Yen, Hsiao-Ching; Chuang, Hung-Jui; Hsiao, Wei-Ling; Tsai, Yun-Chen; Hsu, Po-Min; Chen, Wen-Shiang; Han, Yin-Yi.
Afiliación
  • Yen HC; National Taiwan University Hospital, Taipei, Taiwan. jassicayen@yahoo.com.tw.
  • Chuang HJ; National Taiwan University Hospital, Taipei, Taiwan.
  • Hsiao WL; National Taiwan University Hospital, Taipei, Taiwan.
  • Tsai YC; National Taiwan University Hospital, Taipei, Taiwan.
  • Hsu PM; National Taiwan University Hospital, Taipei, Taiwan.
  • Chen WS; National Taiwan University Hospital, Taipei, Taiwan.
  • Han YY; National Taiwan University Hospital, Taipei, Taiwan. yyhan.ntuh@gmail.com.
Crit Care ; 28(1): 172, 2024 05 22.
Article en En | MEDLINE | ID: mdl-38778416
ABSTRACT

INTRODUCTION:

Traumatic brain injury (TBI) is a major cause of neurodisability worldwide, with notably high disability rates among moderately severe TBI cases. Extensive previous research emphasizes the critical need for early initiation of rehabilitation interventions for these cases. However, the optimal timing and methodology of early mobilization in TBI remain to be conclusively determined. Therefore, we explored the impact of early progressive mobilization (EPM) protocols on the functional outcomes of ICU-admitted patients with moderate to severe TBI.

METHODS:

This randomized controlled trial was conducted at a trauma ICU of a medical center; 65 patients were randomly assigned to either the EPM group or the early progressive upright positioning (EPUP) group. The EPM group received early out-of-bed mobilization therapy within seven days after injury, while the EPUP group underwent early in-bed upright position rehabilitation. The primary outcome was the Perme ICU Mobility Score and secondary outcomes included Functional Independence Measure motor domain (FIM-motor) score, phase angle (PhA), skeletal muscle index (SMI), the length of stay in the intensive care unit (ICU), and duration of ventilation.

RESULTS:

Among 65 randomized patients, 33 were assigned to EPM and 32 to EPUP group.
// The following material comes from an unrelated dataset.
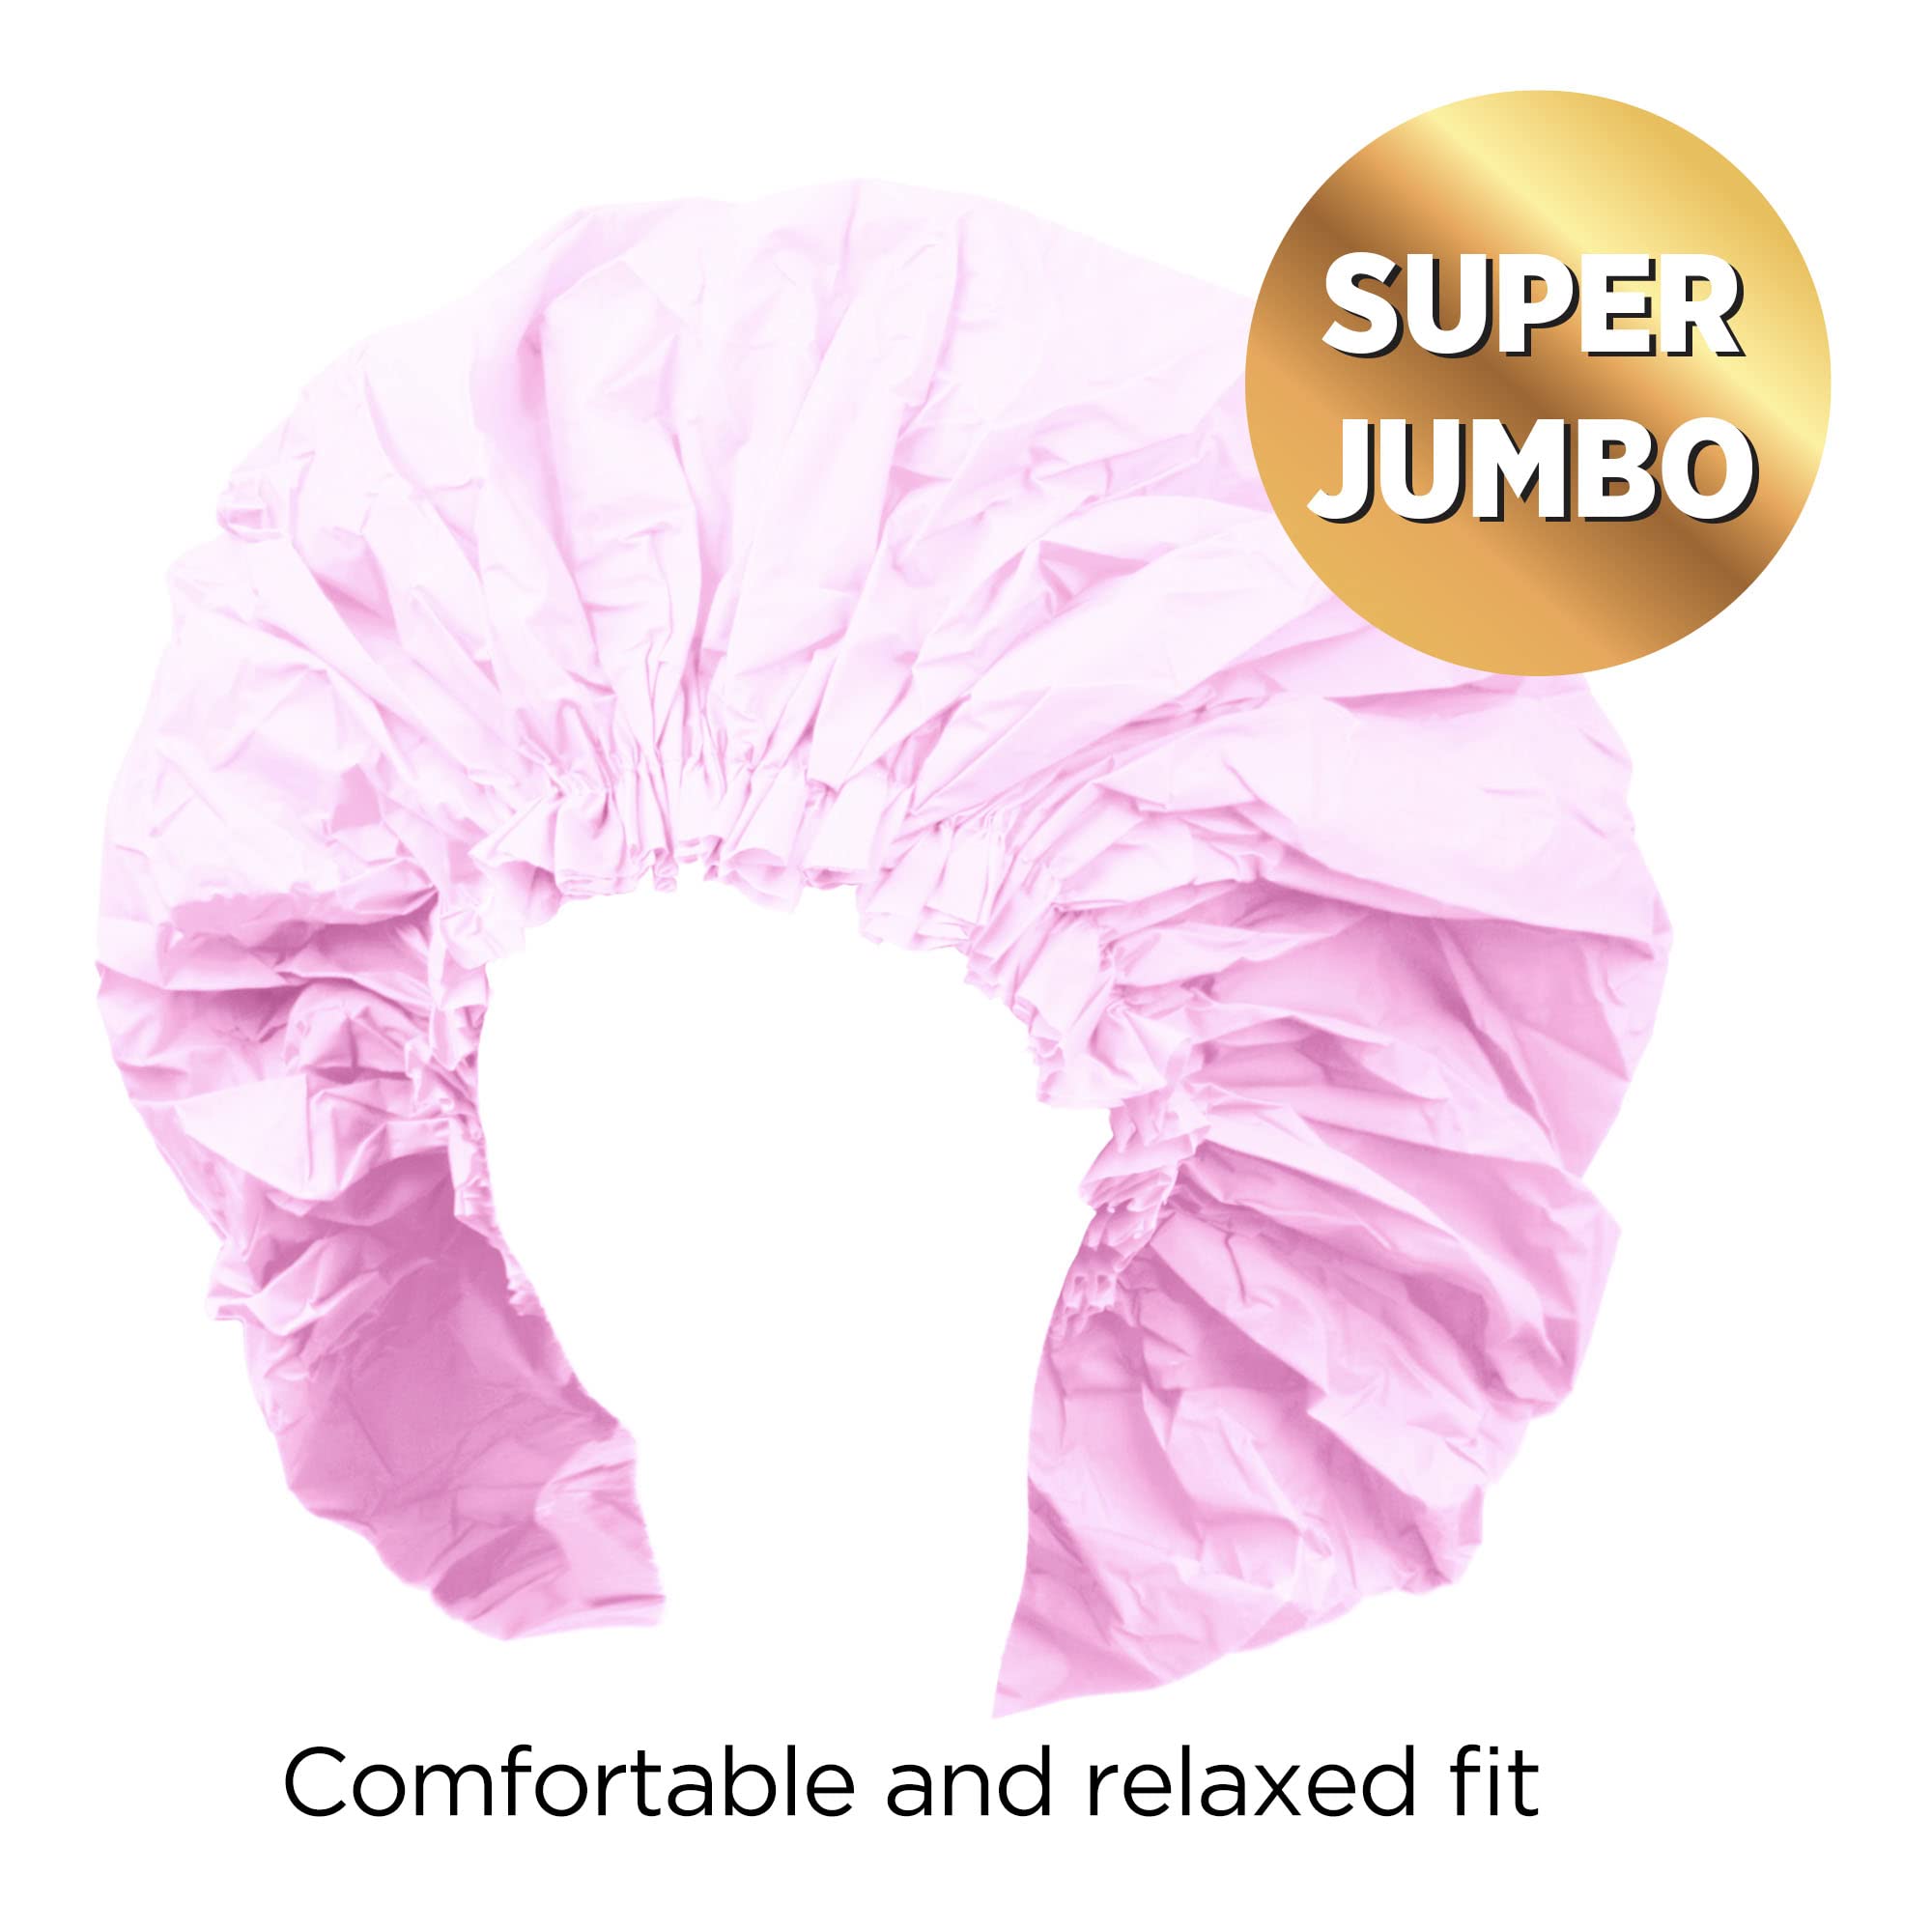 Donna Super Jumbo Shower Cap Waterproof Material 1pc for Women or Men Shower Cap for Roller Sets, Afros, Twist, Silk Wraps and More Reusable (PINK COLOR)

The EPM group significantly outperformed the EPUP group in the Perme ICU Mobility and FIM-motor scores, with a notably shorter ICU stay by 5.9 days (p < 0.001) and ventilation duration by 6.7 days (p = 0.001). However, no significant differences were observed in PhAs.

CONCLUSION:

The early progressive out-of-bed mobilization protocol can enhance mobility and functional outcomes and shorten ICU stay and ventilation duration of patients with moderate-to-severe TBI. Our study's results support further investigation of EPM through larger, randomized clinical trials. Clinical trial registration ClinicalTrials.gov NCT04810273 . Registered 13 March 2021.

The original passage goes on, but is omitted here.